“What’s With All The Foreign Muck?”

Walt Disney World Tickets , Orlando , Eating and Drinking
“What’s With All The Foreign Muck?”
By ATD’s Florida Experts, Susan and Simon Veness
From Boba Balls to Pongu Lumpia, from Tree Spores to Vein Pods, navigating the culinary scene during interplanetary travel can be daunting. But don’t let steamed pods or charred chimichurri put you off. That Doner Kebab with chili sauce you ate last Friday night was probably far scarier!

Of course, we’re talking about the food in Pandora at Disney’s Animal Kingdom, and while the names may be intimidating, the food that actually shows up on your plate most certainly isn’t. Still, you’ll want to choose wisely, because the most frightening thing about some of the options is their size (we’re looking at you, Satu’li Bowls)!

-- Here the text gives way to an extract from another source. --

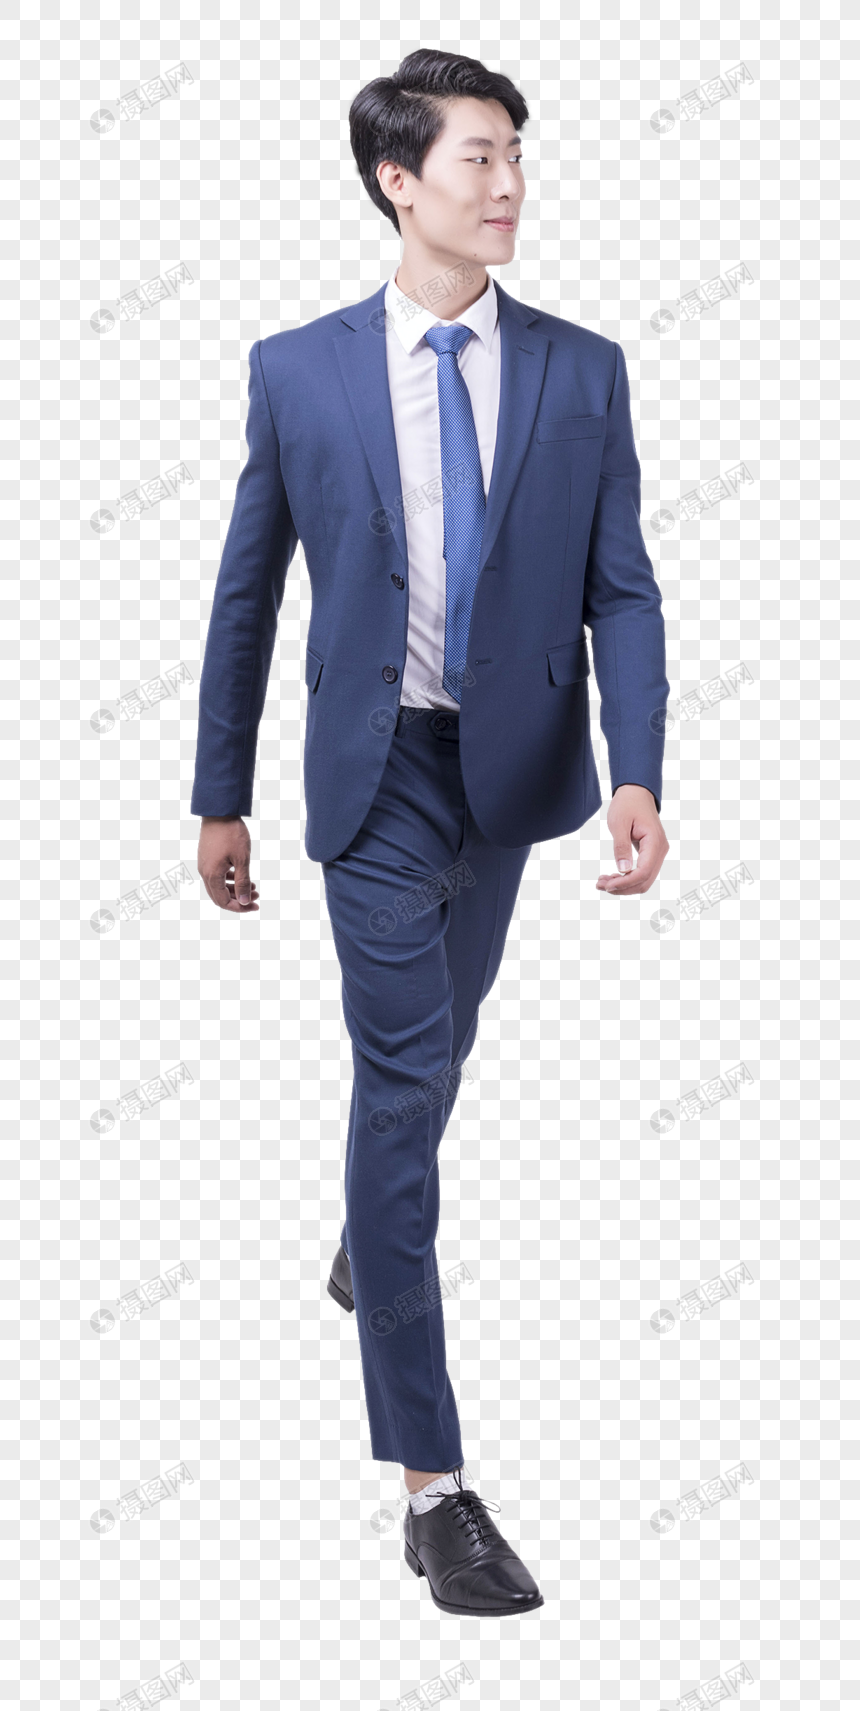 Business Personage Walking, Skinny Pant, Material, Business People PNG ...
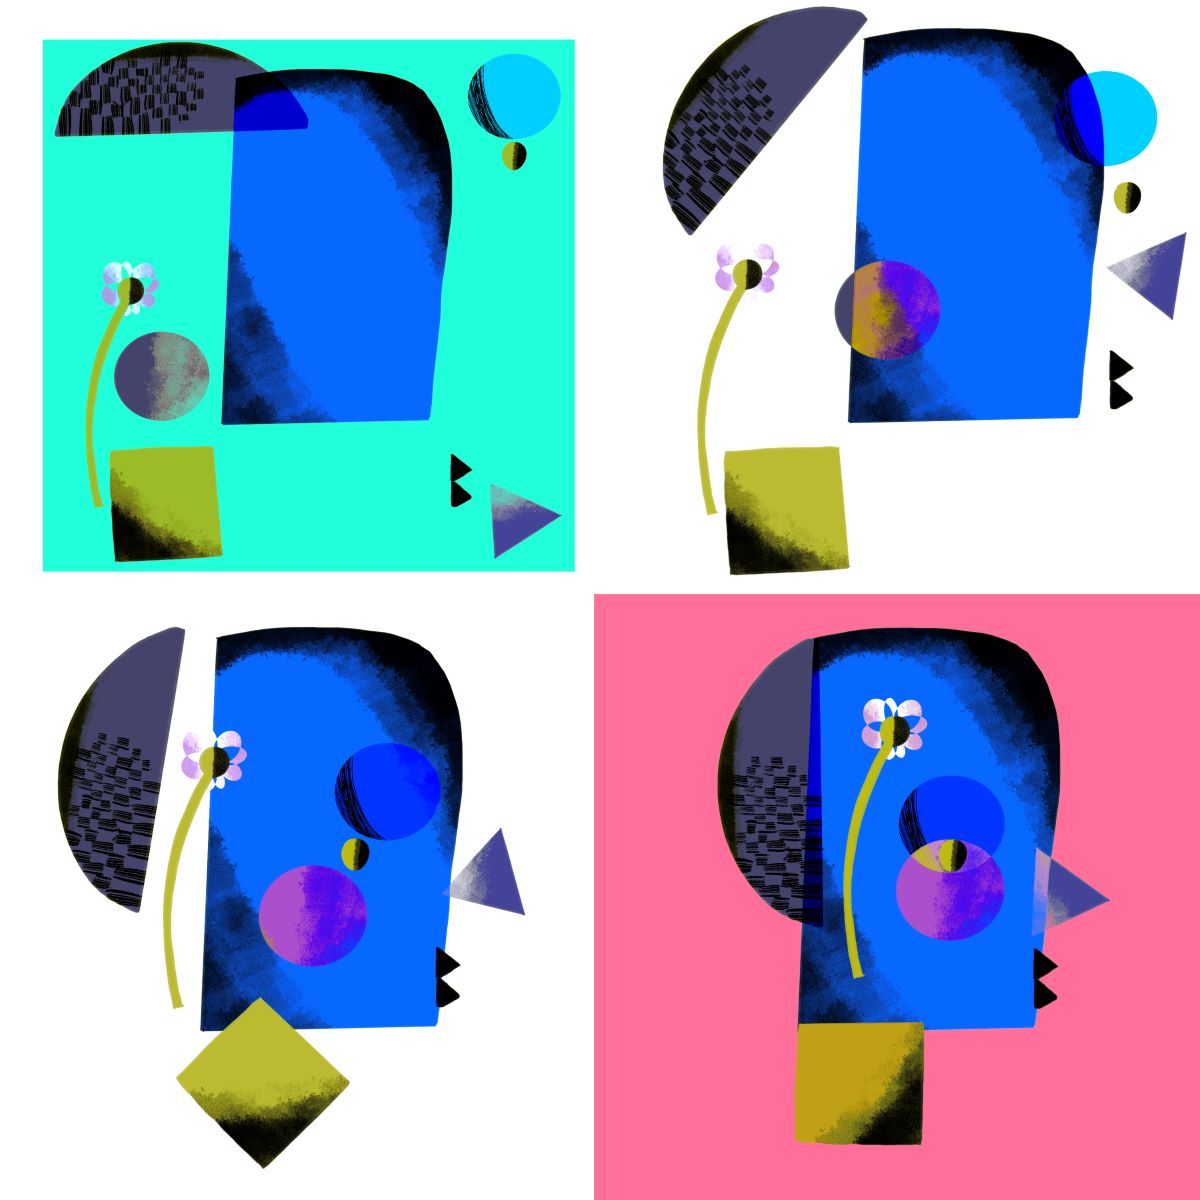 A print in four panels by Mitch Duncan. The backgrounds are teal, white, and pink. The four panels show disparate elements that come together more and more. In the final, lower right panl, we see a blue head with a yellow neck, with a small flower overlaid.

There is only one restaurant in Pandora, and that’s the Satu’li Canteen. It’s a counter service outlet—formerly the mess hall for the now-defunct Resources Development Administration (RDA)—which has been heavily decorated with items the Na’vi indigenous people made as symbols of their culture and then donated to the canteen to display, for the education and enjoyment of visitors coming to the planet on an Alpha Centauri Expeditions eco-tour.


Sa'tuli Canteen


But before you grab a seat you’ll have to grab a meal, and that’s where the fun starts. The Na’vi, apparently, are big on choice. The most popular items visitors tuck into are the Create-Your-Own Satu’li Bowls. It quickly becomes obvious that the Na’vi are either sticklers for instructions, or they got tired of repeating the same thing over and over to guests who are new to the concept of ‘create your own’, because the menu walks visitors through the selection process, step by step.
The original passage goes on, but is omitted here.